Dubai ist von meiner Liste gestrichen. Abgehakt. Hier ist es mir aktuell zu laut, zu stickig, zu staubig, zu hektisch. Ich bin Neuseeland gewöhnt und ein wenig schockiert mich die arabische Direktheit. In zwei Minuten Ampelstehen in Dubai habe ich häufiger Pöbeleien und Huperei gehört, als in drei Monaten Neuseeland und Australien. Und das sagt meiner Meinung nach alles. Für mich ist Dubai eine Shopping-Wunderwelt. So etwas wie das Las Vegas für Shopaholics. Eine Mall reiht sich an die nächste. Die Architektur der Hochhäuser ist zumeist langweilig, sieht man mal von prestigeträchtigen Bauten wie dem Burj Khalifa oder den anderen Burjs ab.

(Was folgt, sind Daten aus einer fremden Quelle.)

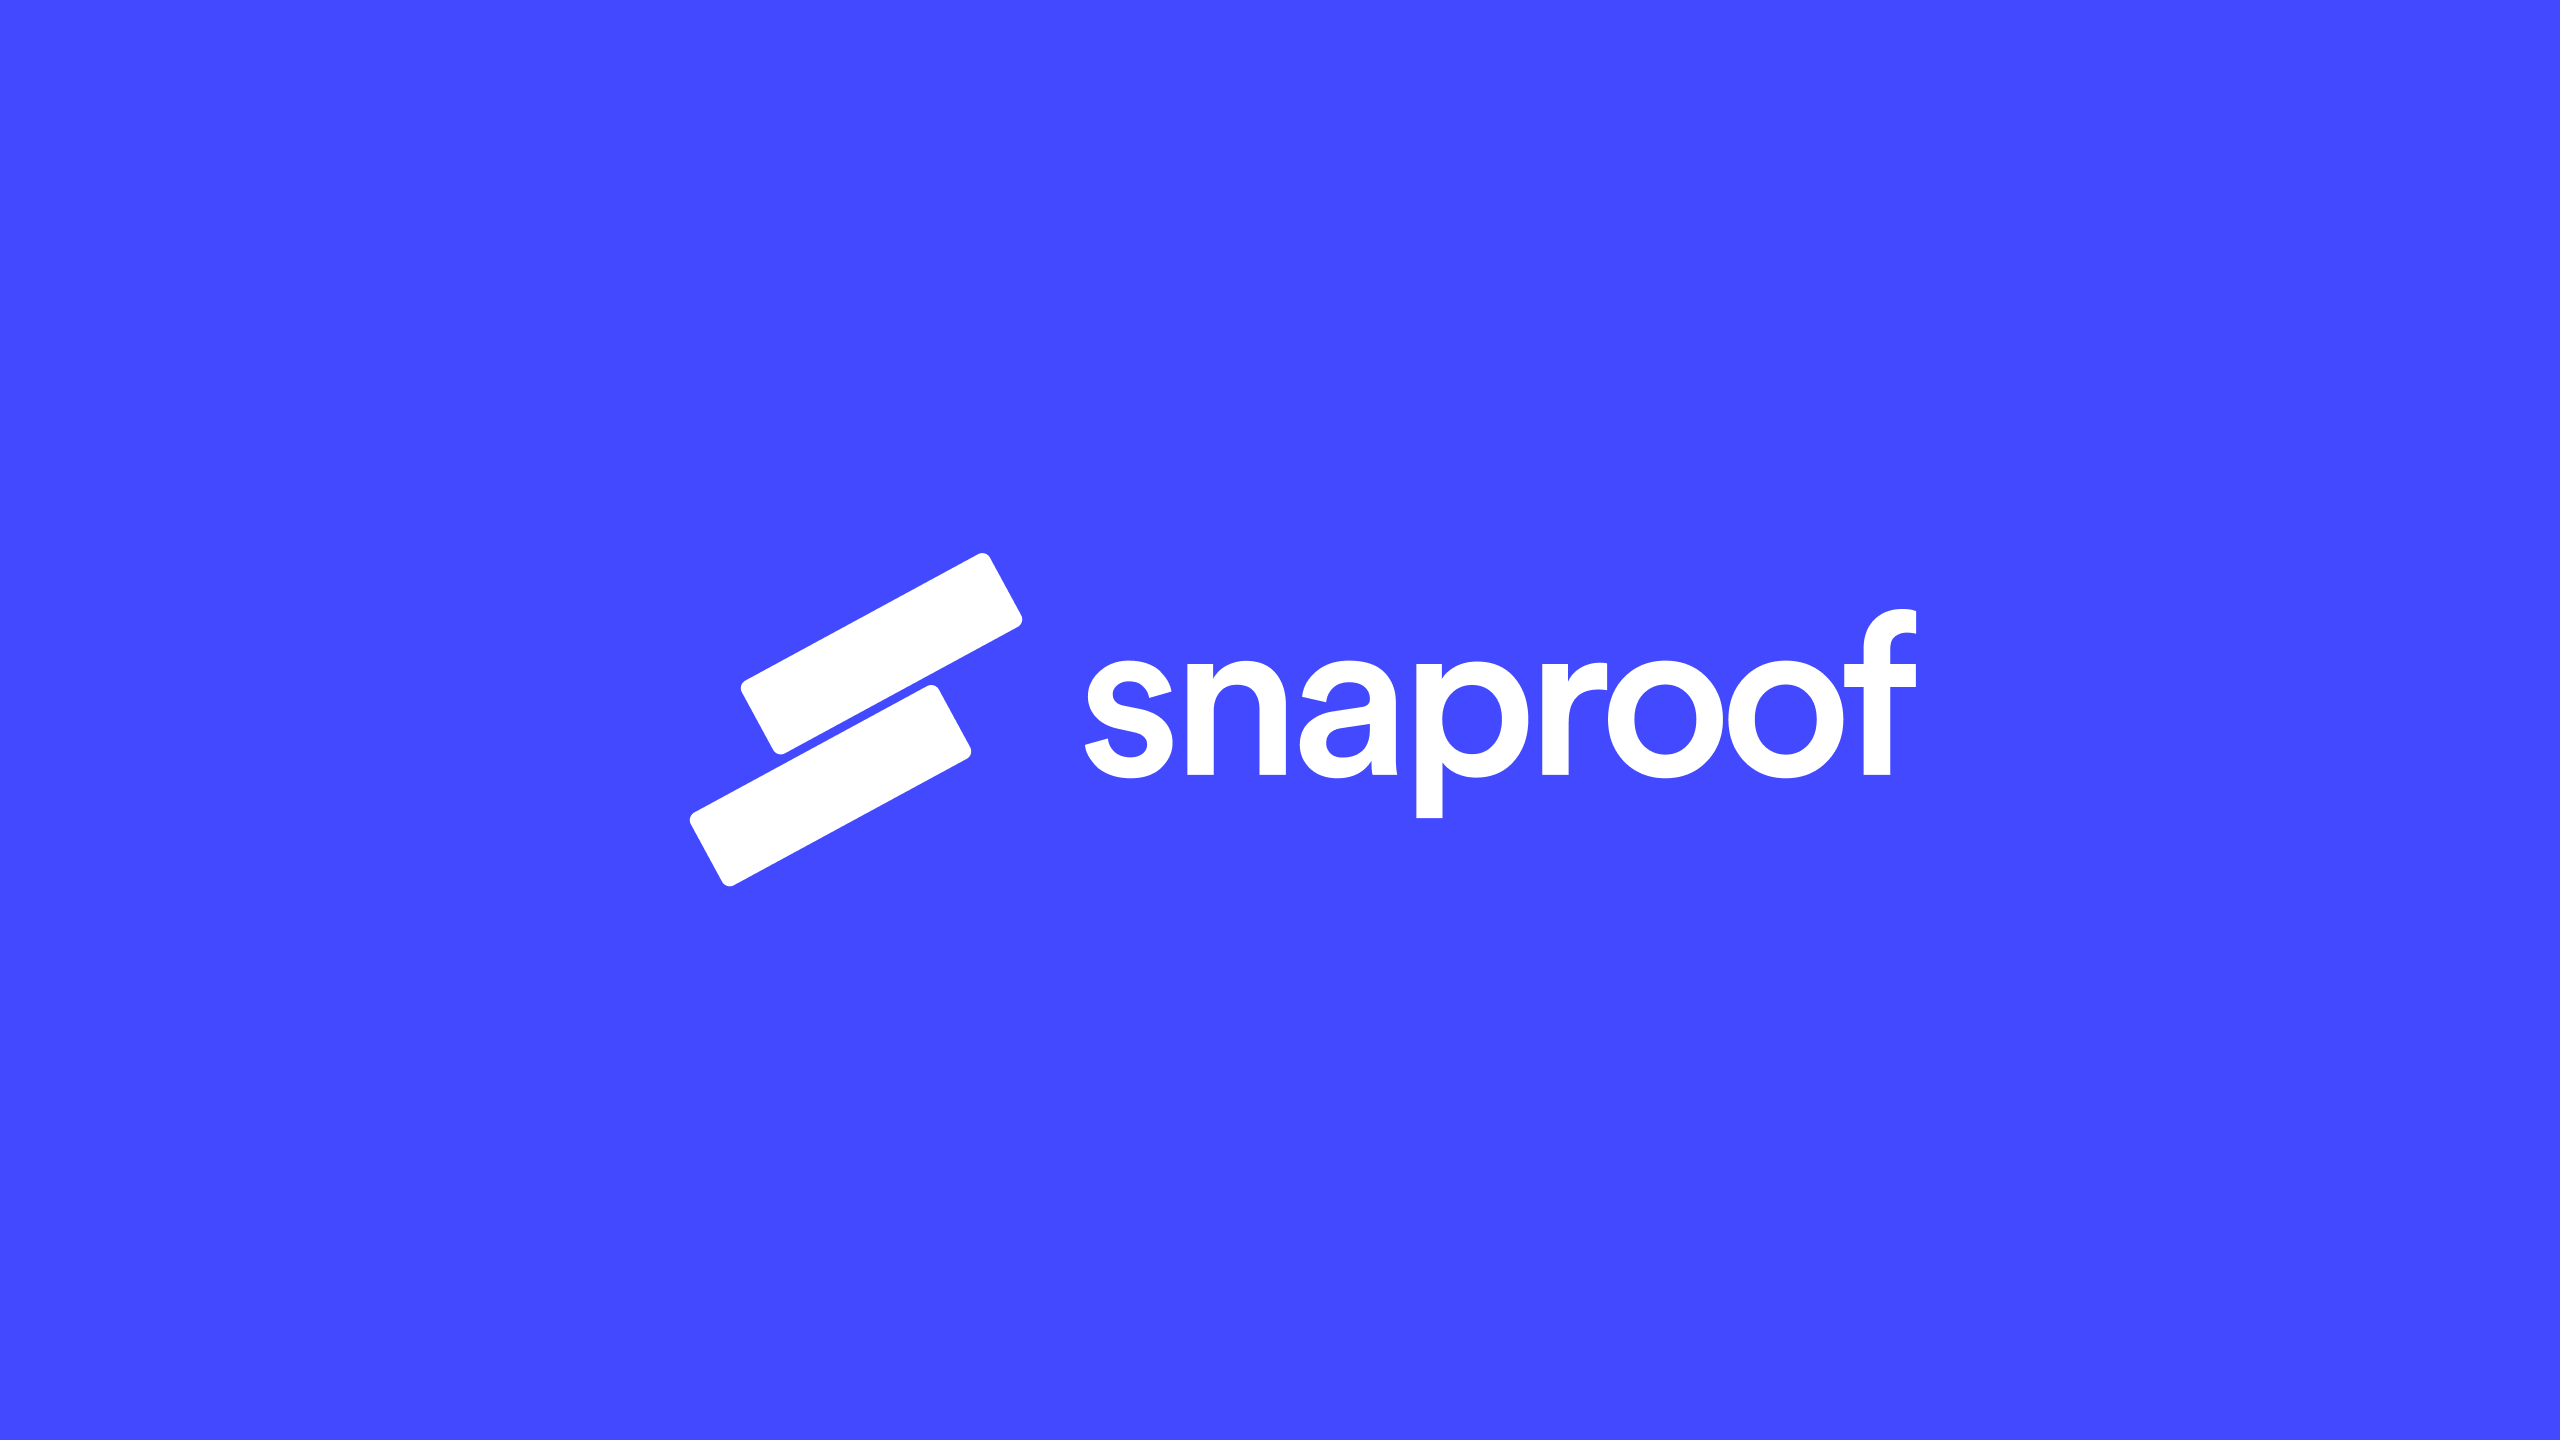 SNAPROOF
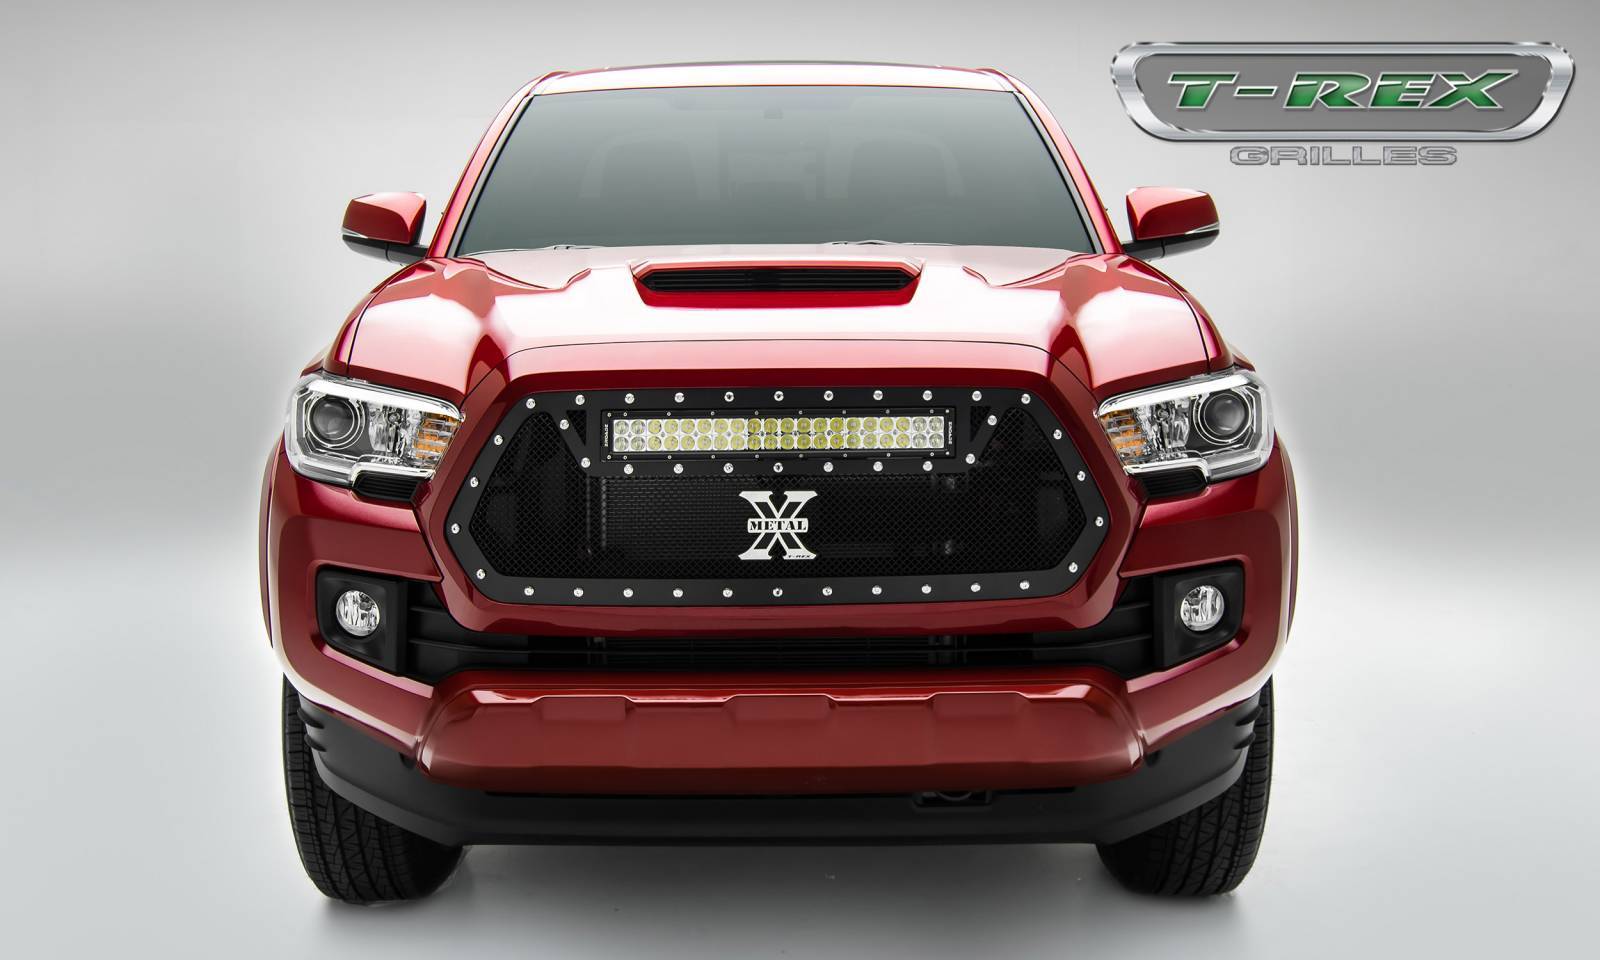 2016 2017 Tacoma Torch Grille Black 1 Pc Insert Chrome Studs

Dann gibt es da noch die Insel-Projekte, aber mangels Helikopter habe ich mir das dann geschenkt. Wer nun denkt, dass er „mal eben“ auf das höchste Gebäude der Welt hochfahren kann, sieht sich bitter getäuscht. Da muss man – am besten weit im voraus – einen Termin reservieren. Und der Besuch ist nicht gerade günstig, auch das soll nicht verheimlicht werden. Dagegen ist ein Besuch auf dem Empire State Building oder dem Rockefeller Center geradezu preiswert. Also nicht hoch, sondern ehrfürchtig von unten gucken. Draußen in der Sonne trifft man nicht so viele Menschen, die sind alle immer drinnen. Kann ich verstehen, heute ist es bedeckt und dennoch war es um fünf Uhr morgens schon gute 25 Grad warm. Schmierig warm. Dank Air Condition ist es aber überall gut auszuhalten und somit tummelt sich das Leben fernab der Sonne – irgendwie auch doof, wenn man in einem Land ist, das gerade davon mehr als genug hat und anstelle von Sonnenlicht tausende Leuchten bemüht. Was ich mir gut vorstellen kann ist Dubai bei Nacht. Hatte ich auf meinem Hinflug gesehen, war sehr spektakulär. Auch beim Einfliegen sah es großartig aus, leider war meinen Fotobemühungen die unfassbar große Tragfläche des A380 im Weg. Für mich bleibt Dubai nur ein Zwischenstopp. Vielleicht ist mir irgendwann im Winter einmal langweilig und ich sehne mich nach Shopping und Wärme. Dann könnte ich mir Dubai eventuell vielleicht und überhaupt vorstellen. Aber selbst dann gibt es noch andere, reizvollere Destinationen. Und ich befürchte, dass bis zu meinem nächsten Besuch das Aus-dem-Flughafen-Herauskommen wieder verändert und erschwert wird, das hat ganz sicher System.